TAMPA, Fla. (WFLA) — Florida will soon end its participation in the federal government’s supplemental unemployment benefits program, the Florida Department of Economic Opportunity announced Monday.
The program, which provides a $300 weekly add-on to recipients of unemployment insurance, will end on June 26, according to a news release. Claimants will stop receiving the payment the week beginning June 27.
The state justified the change because hundreds of thousands of jobs are remaining vacant.
“Thanks to Governor DeSantis’ leadership, Florida’s economy has bounced back tremendously with over 460,000 jobs available throughout our state and the strongest economic conditions in the nation,” Dane Eagle, Secretary of the Florida Department of Economic Opportunity said. “Florida’s employers are also seeing employment growth, as more Floridians, including some who completely left the workforce, are now eagerly reentering the workforce. Transitioning away from this benefit will help meet the demands of small and large businesses who are ready to hire and expand their workforce.”
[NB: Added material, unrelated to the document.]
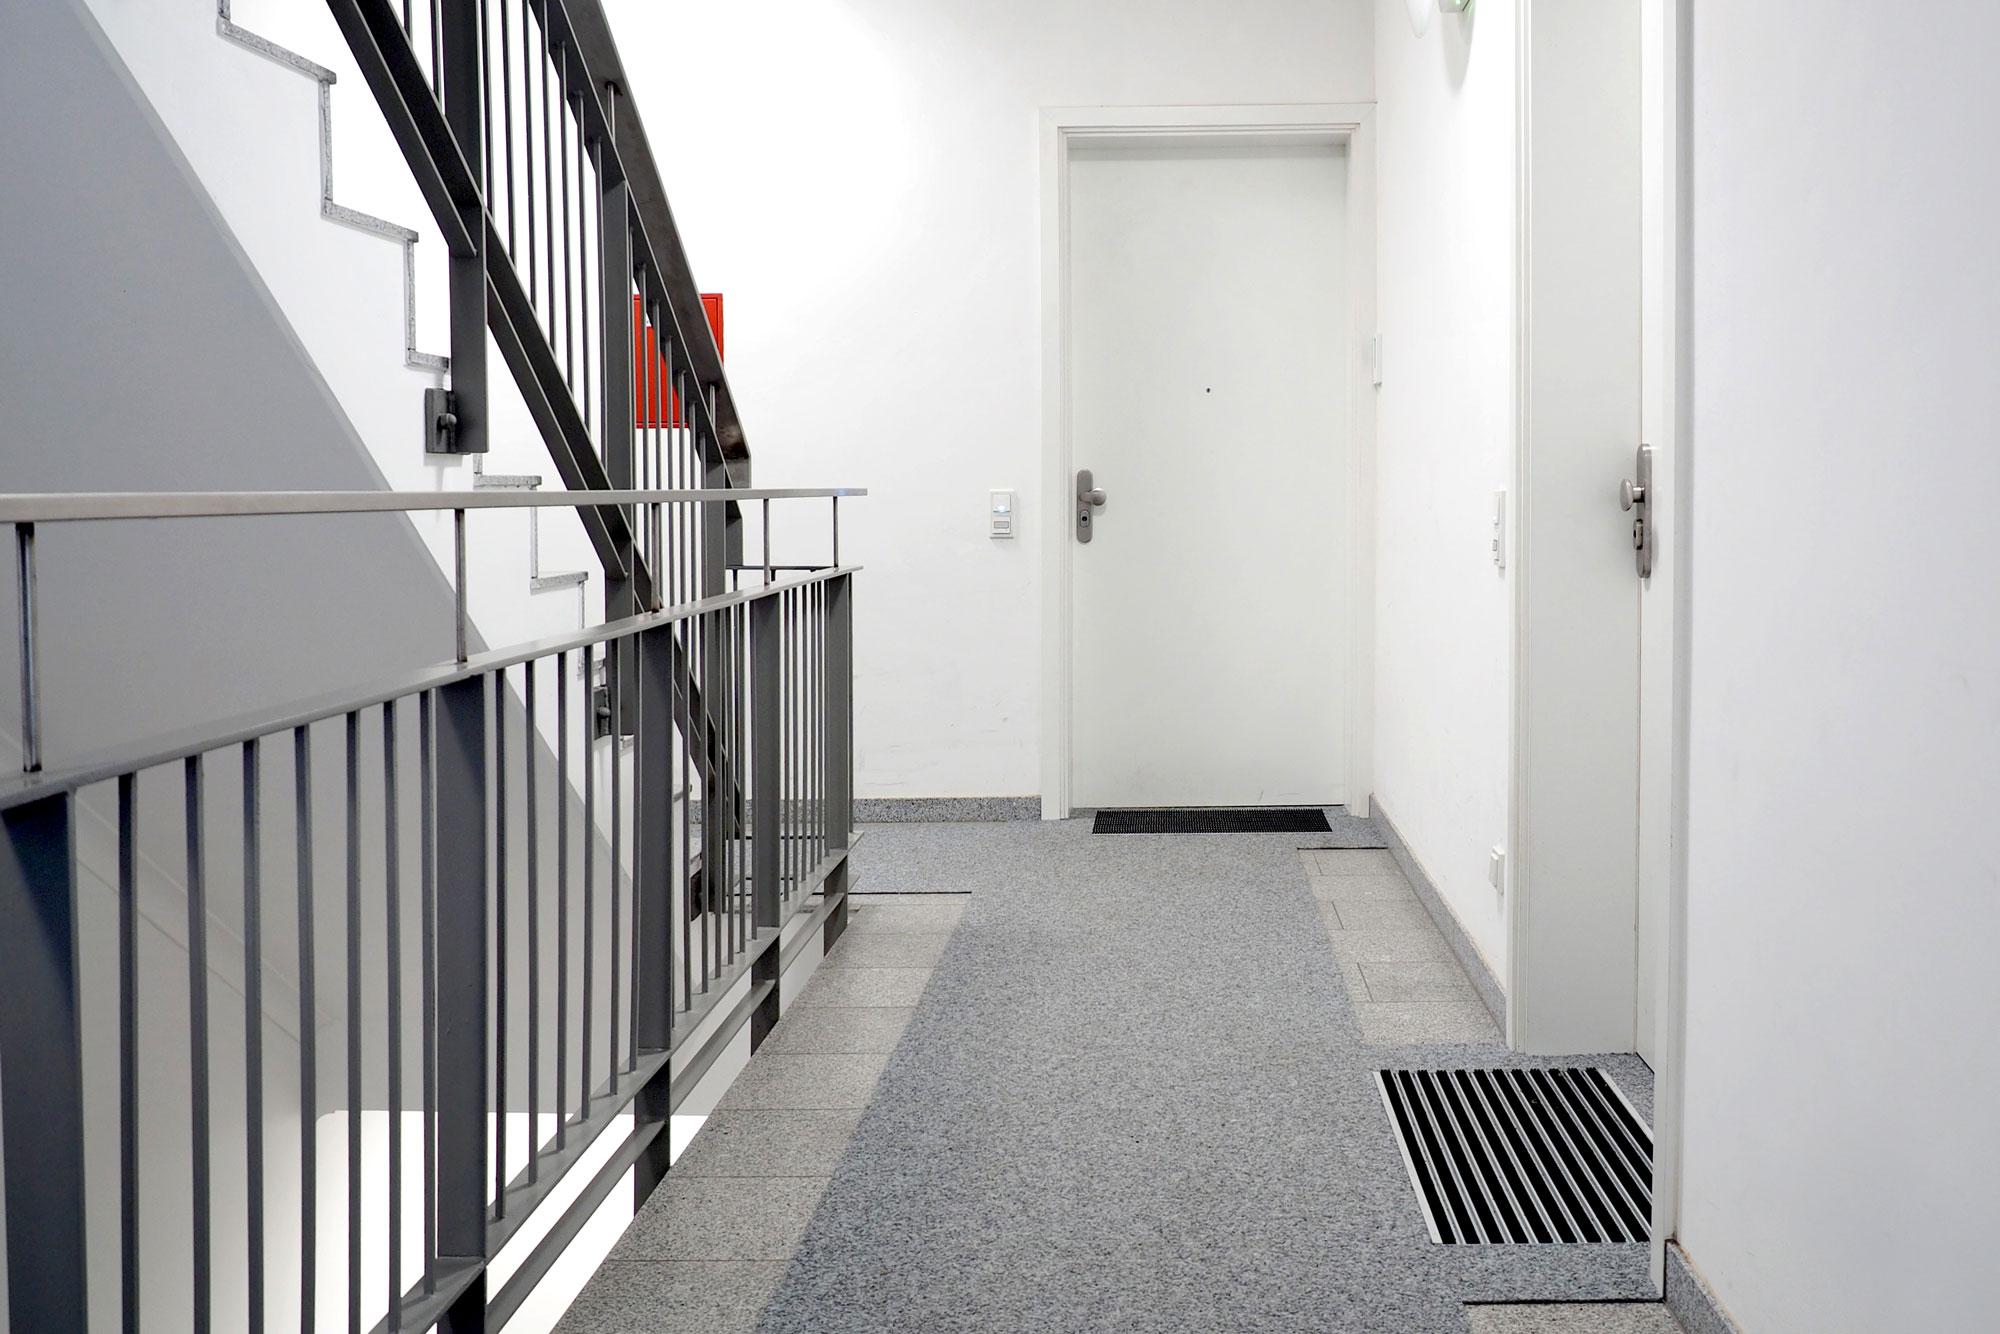 Hausflur- und Treppenläufer im Objekt

According to the Department of Economic Opportunity, Florida has gained nearly 800,000 private-sector jobs since the beginning of the COVID-19 pandemic, and there are more than 450,000 online job postings throughout the state for job seekers
“Strong demand, coupled with this staffing shortage, has left many businesses forced to limit operating days and hours in addition to reducing capacity in both food service and lodging. Ending the supplemental $300 FPUC payment will help the industry regain pre-COVID levels,” said Florida Restaurant and Lodging Association President and CEO, Carol Dover.
The lack of employees comes as Florida is quickly reopening.
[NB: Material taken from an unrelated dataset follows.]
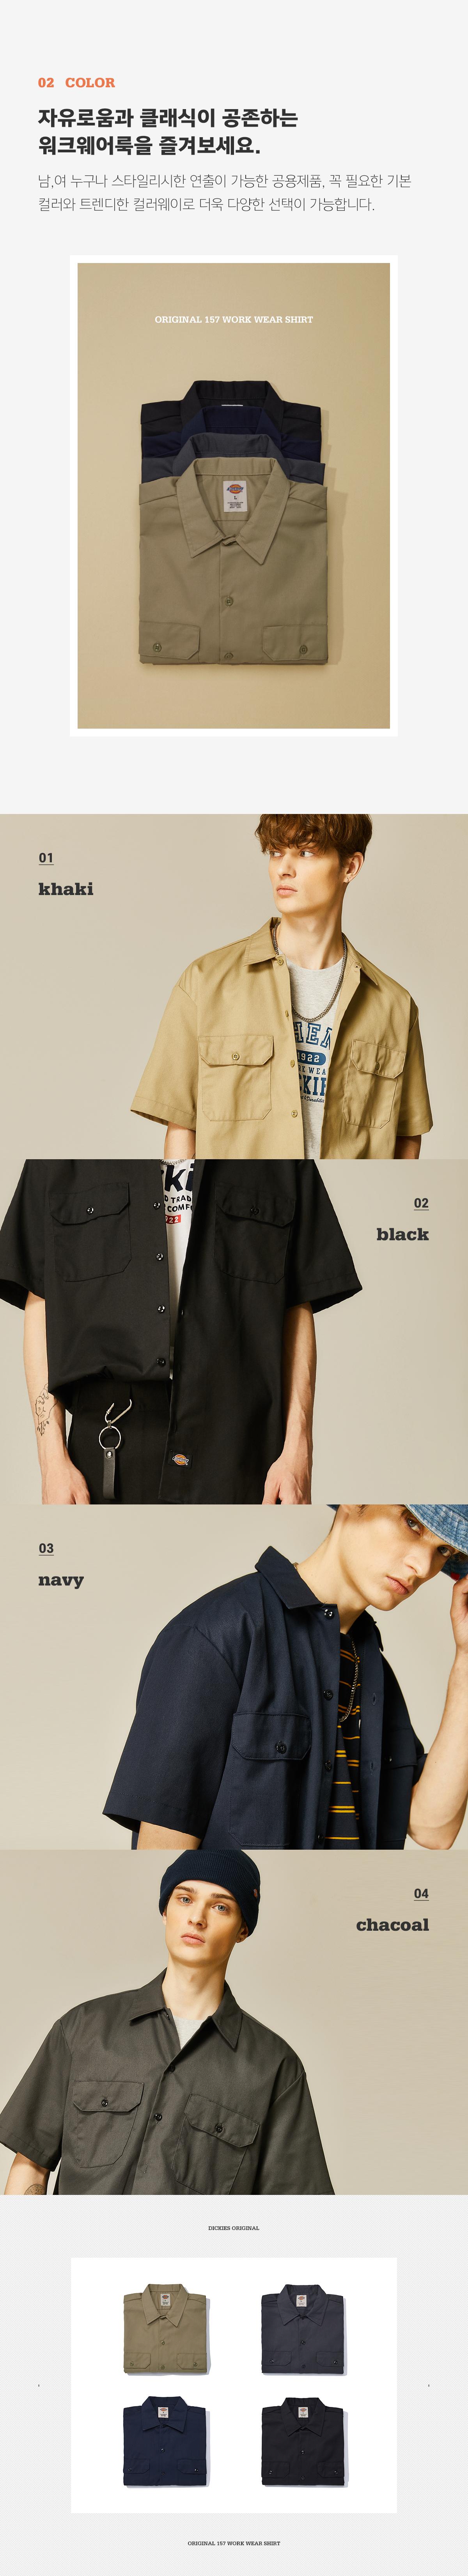 디키즈(DICKIES) 오리지널 157 워크웨어 셔츠 KHAKI [DWO5UTSH157-PKH]

“The people are flocking, but we don’t have enough labor to open the doors full fledged to let them in. We have hotels who are leaving forty percent of their inventory what we call dark,” said Dover.
At a bill signing in south Florida the Governor said the end of the additional $300-a-week unemployment payments, is to encourage people to go back to work sooner.
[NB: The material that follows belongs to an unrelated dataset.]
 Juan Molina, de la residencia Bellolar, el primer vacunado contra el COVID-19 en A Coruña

“We’ve got almost a half a million job openings in the state of Florida,” said Gov. Ron DeSantis.
Unions and workers advocates argue the change isn’t going to force people back into jobs, but into food lines.
Karen Woodall of the People’s Advocacy Center says the change will leave many people with nothing.
“People who have been out of work for most of 2020 and all of this year, and have used their savings if they had any. Who have borrowed money, who are behind on their rent. Who are behind on their car payment, who are struggling. Yes, it makes a huge difference,” said Woodall.
The end of the extra cash follows a state edict requiring those receiving or applying for unemployment to prove they have been looking for work. The requirement was waived during the pandemic, but it goes back in force this Friday.
Workers advocates say Florida’s work requirements for unemployment are so strict, fewer than 15 percent of those out of work qualify.
Efforts to increase benefits and add additional weeks failed during the legislative session.